Sehe ich auch so. Eine einfache Lösung. Wäre ja auch kein Hexenwerk, ist umsetz- und durch jedermann reparabel.


----------



## Blockmove (14 März 2022)

DeltaMikeAir schrieb:


> Sehe ich auch so. Eine einfache Lösung. Wäre ja auch kein Hexenwerk, ist umsetz- und durch jedermann reparabel.


Genau ... Wenn's Probleme gibt, dann Hammer und WD40.
Ini ausserhalb des Reinigungsbereich steckbar machen mit M12-Steckverbinder mit LEDs.
Dann hast du auch gleich ne Funktionskontrolle.


----------



## Heinileini (14 März 2022)

DeltaMikeAir schrieb:


> Wäre ja auch kein Hexenwerk, ist umsetz- und durch jedermann reparabel.

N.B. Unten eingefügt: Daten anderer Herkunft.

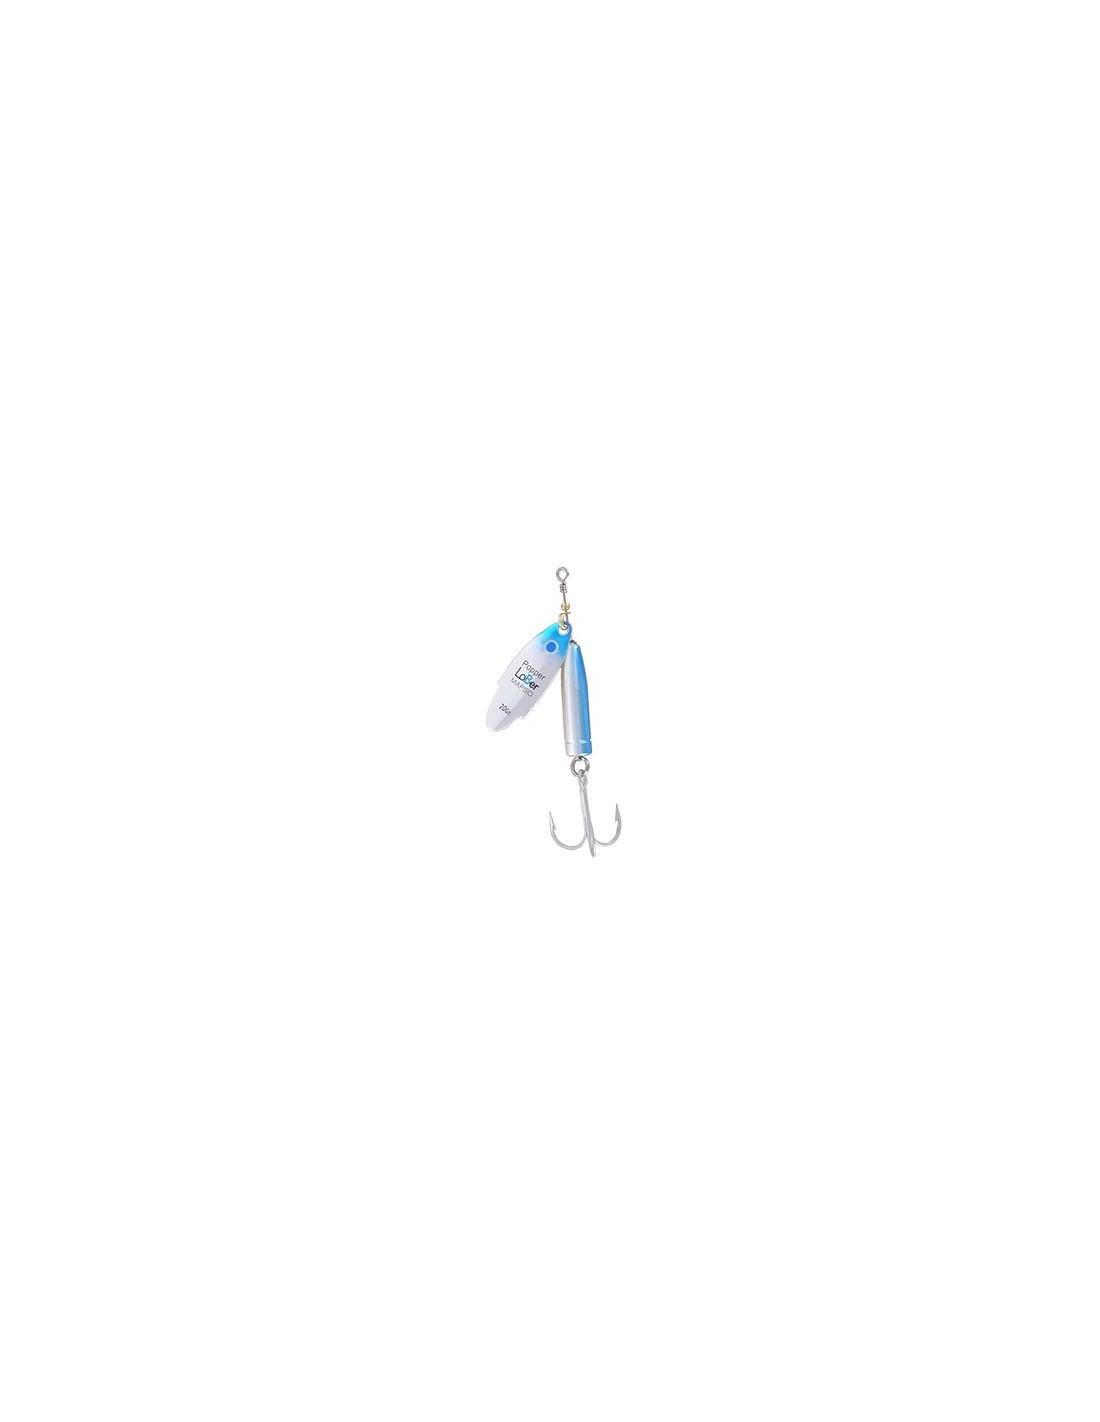 Lober - DEC/ Plata Azul Cuerpo Azul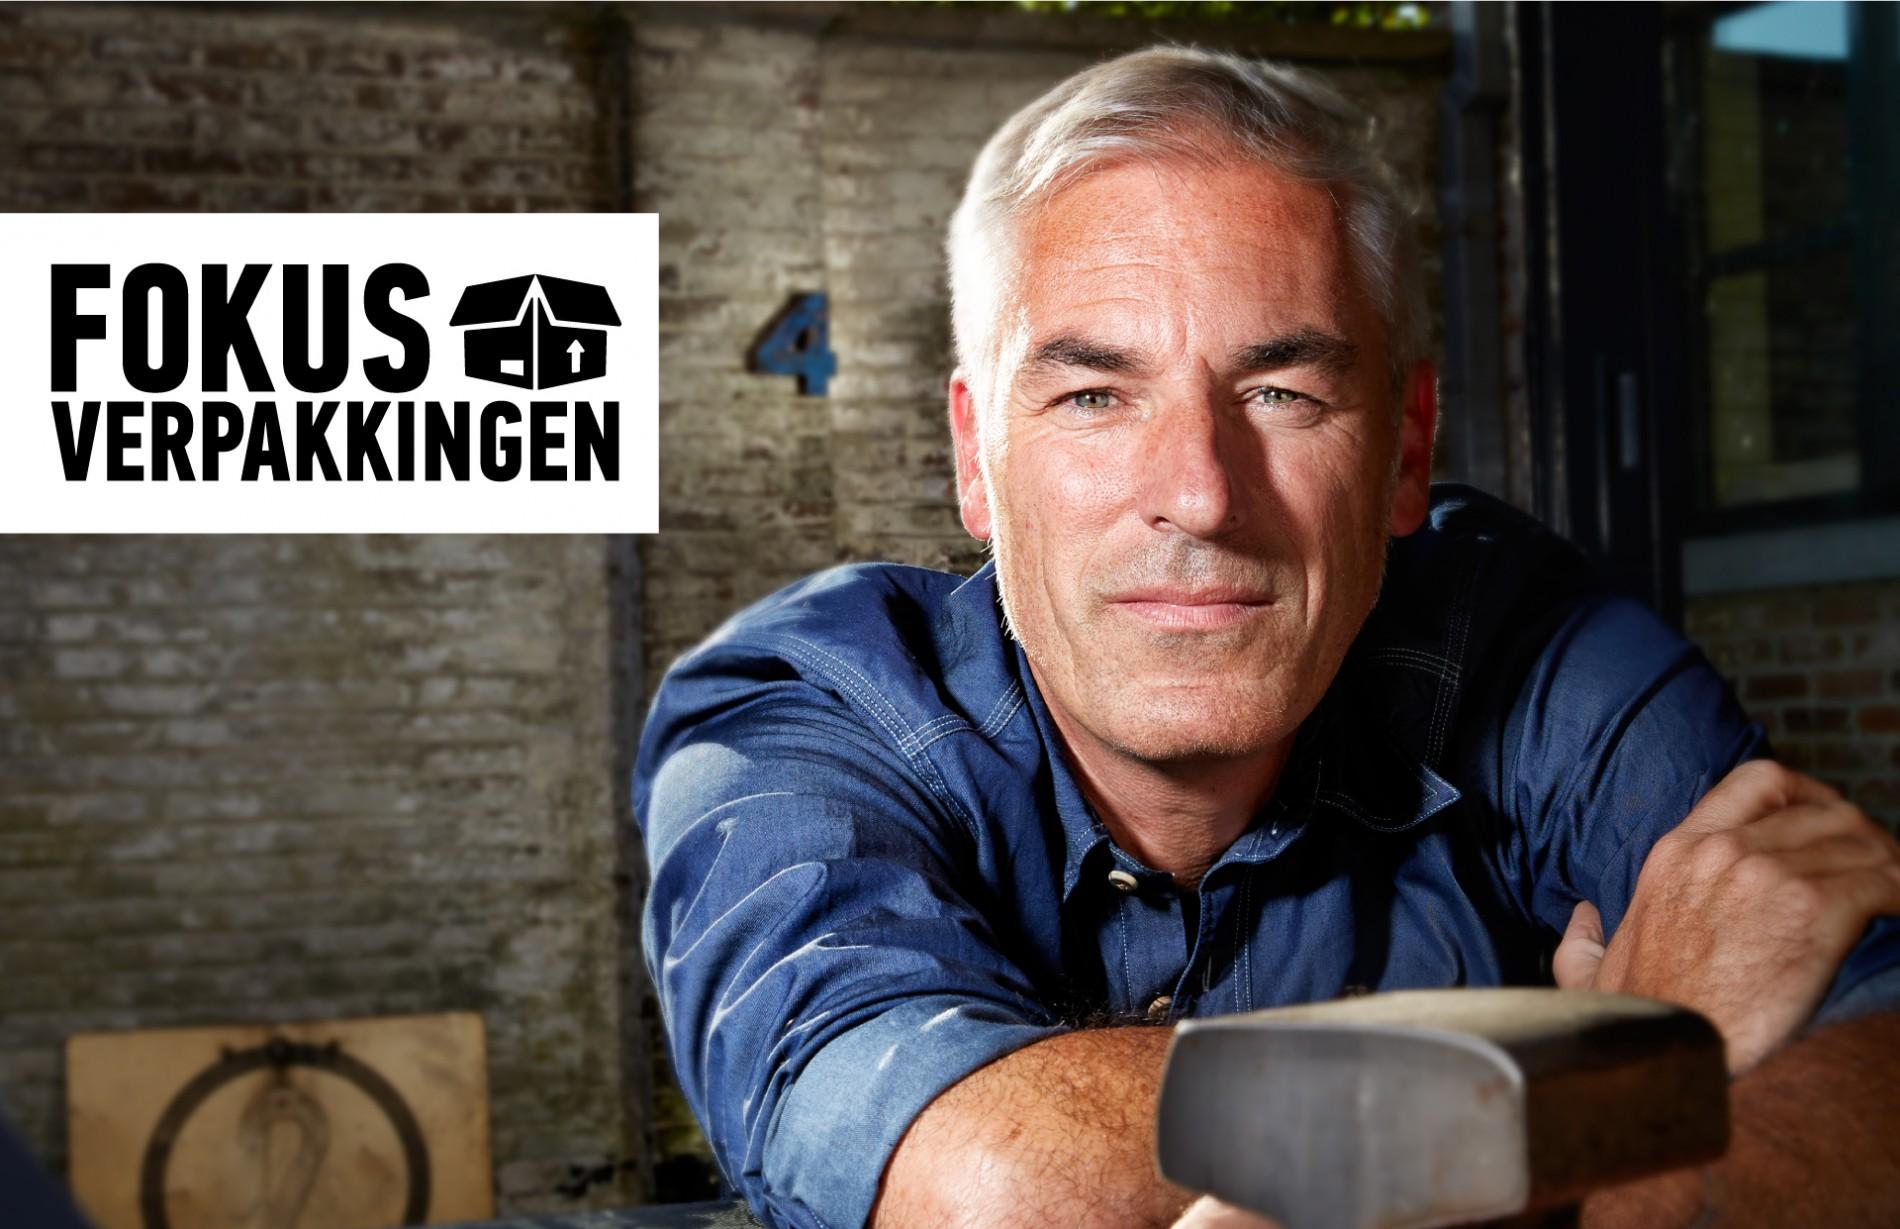 Quatre Mains package design - Fokus Verpakkingen, Patrick de Grande

Sorry für OT. "umsetz-" steht vermutlich für "umsetzabel"?


----------



## jensemann (28 April 2022)

Wenn auch verspätet, aber hier mein Vorschlag:
Einfache mechanische Lösung wie Blockmove in #14 schrieb. Dazu aber noch einen zweiten Sensor am Ausgang. So kann man ermitteln, wieviele Kisten noch in der Anlage sind und entsprechend abschalten.


----------